Я объяснил гарсону: мсье хочет взять с собой целую бутылку. Даже меня он понял не сразу, вероятно, ему показалось нелепым покупать в кафе то, что можно дешевле купить в ночном магазине. Уразумев, он покорно поставил на поднос принесенный стакан, чем опять раздосадовал Пашу.
– Ассе! – закричал он. – Да нет, не ассе. Атанде. Леша, как сказать по-ихнему «оставьте»? А, черт! – Он схватил стаканчик и разом опрокинул себе в рот. – Се ту! – Хлопнув ошеломленного гарсона по плечу, он валился своим разрушавшим все языковые барьеры обольстительным смехом, после чего оба – рослый северянин и маленький южанин – еще целую минуту продолжали охлопывать друг друга и хохотать. На них уже оборачивались. Затем сквозь витринное стекло я видел, как гарсон, все еще смеясь, что-то рассказывает бармену, а бармен, улыбаясь, тянет шею, чтоб разглядеть диковинного посетителя. А когда вновь посмотрел на Пашу, поразился мгновенной перемене. Оживления хватило ненадолго, его лицо посерело, на лбу пролегла глубокая вертикальная морщина. Гарсон принес коробку, мы расплатились и вылили.
Нам повезло, мы сразу поймали такси, и только вытянув ноги в пропахшей табаком и духами кабине, я понял, что я – на взлете.

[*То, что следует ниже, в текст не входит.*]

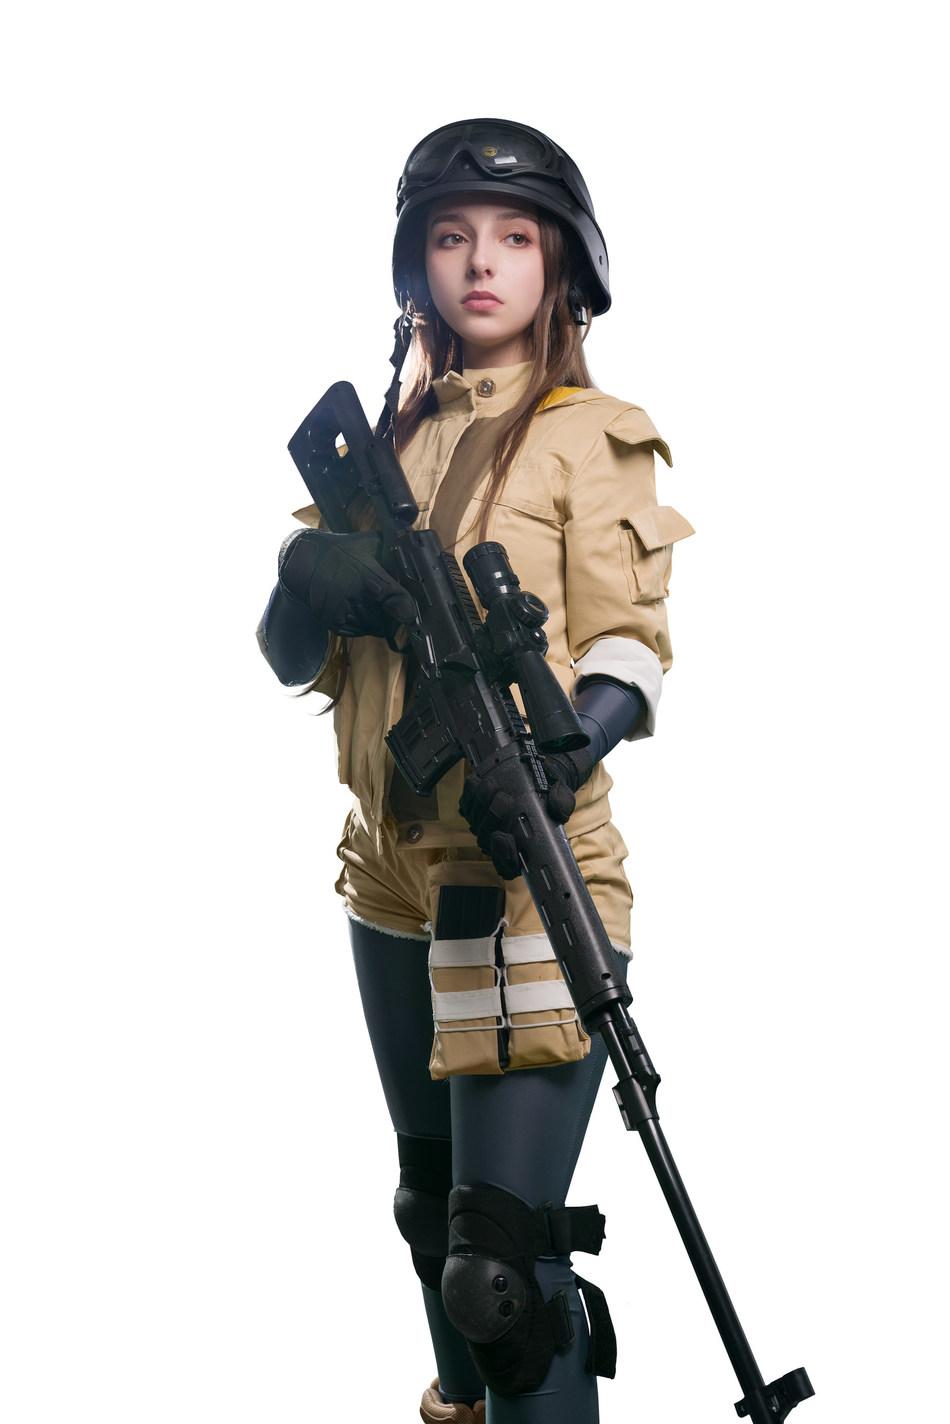 cosplay photo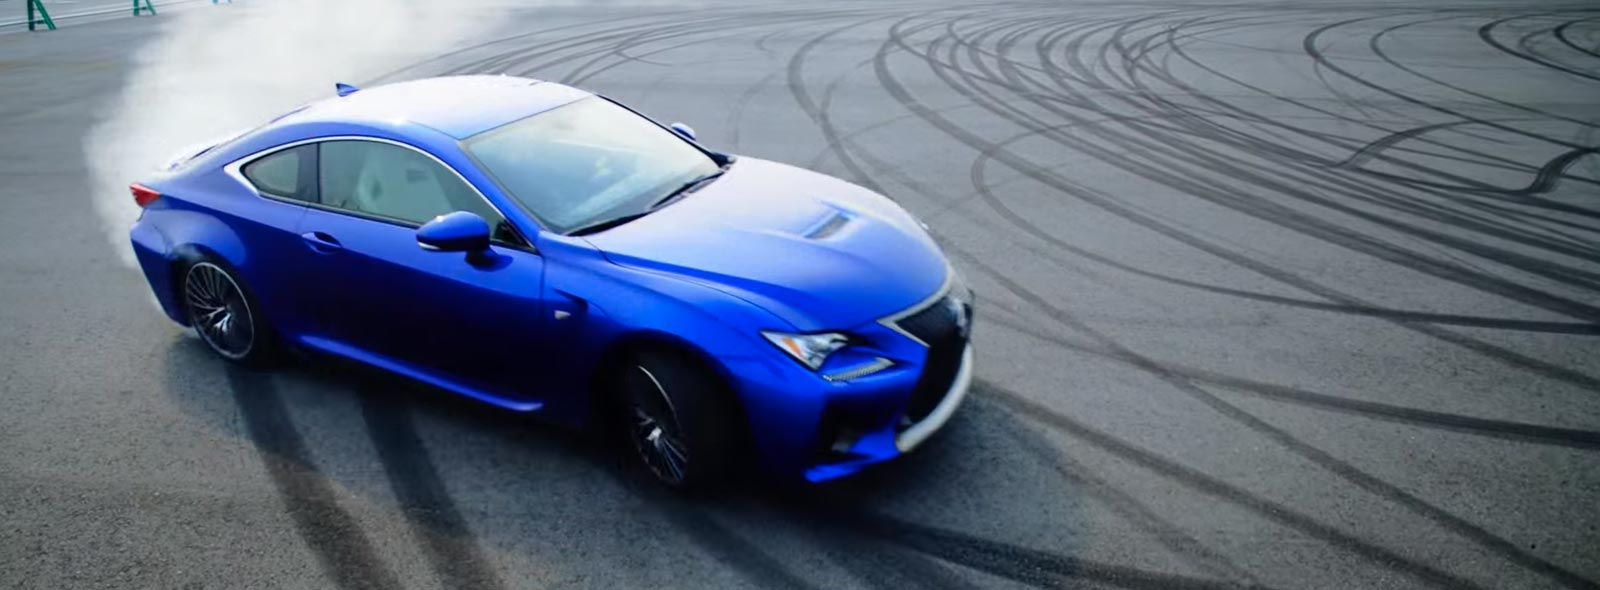 Videobild Lexus RC F burnout

В освещенном вестибюле нашего отельчика два молодых негра – вчерашний и еще один, вероятно, сменщик, – решали кроссворд, и мы появились очень кстати – нужен был город в России из шести букв. Один из них встал, чтоб передать Паше записку на бланке отеля: звонил Дени, в десять часов деловой разговор в отеле «Мажестик», после завтрака посещение Пастеровского института.
Лифт почему-то не работал. Мы поднялись по узкой и крутой гостиничной лестнице.
– Спокойной ночи, Леша, – сказал Успенский у двери своего номера. Он поставил коробку на пол и на ощупь вставил ключ в скважину. – Ты говорил прекрасно. Знаешь, что самое лучшее из того, что ты сказал? Ученые должны говорить правду своим правительствам. Не чужим – это нетрудно…
– «И истину царям с улыбкой…» – вяло пошутил я.
– Правду. Правда и истина – понятия близкие, но не тождественные. Правда – это истина в нашем субъективном преломлении. Большинство конфликтов основано на том, что у каждой стороны есть своя правда. А истина – одна, и ученый, который не стремится к истине, недостоин имени ученого. Наука – суровое божество. Однако прощай. – Он качнулся ко мне в темноте, кажется, он хотел меня поцеловать, но в это время за дверью соседнего номера кто-то сердито закашлял, и Паша, комически зашипев, поспешил убраться, а я потащился к себе на верхотуру.
Добравшись до кровати, я рухнул на нее и долго лежал, парализованный накопившимся за день утомлением, без чувств, без мыслей, не в силах пошевелить рукой, чтоб взглянуть на часы. В конце концов я все-таки поднялся, но только для того, чтоб раздеться и залезть под одеяло. Заснул я мгновенно, как давно уже не засыпал, каменным сном без сновидений, сном глубиной в несколько этажей, от которого нельзя проснуться сразу, а надо выходить поэтапно, как из барокамеры.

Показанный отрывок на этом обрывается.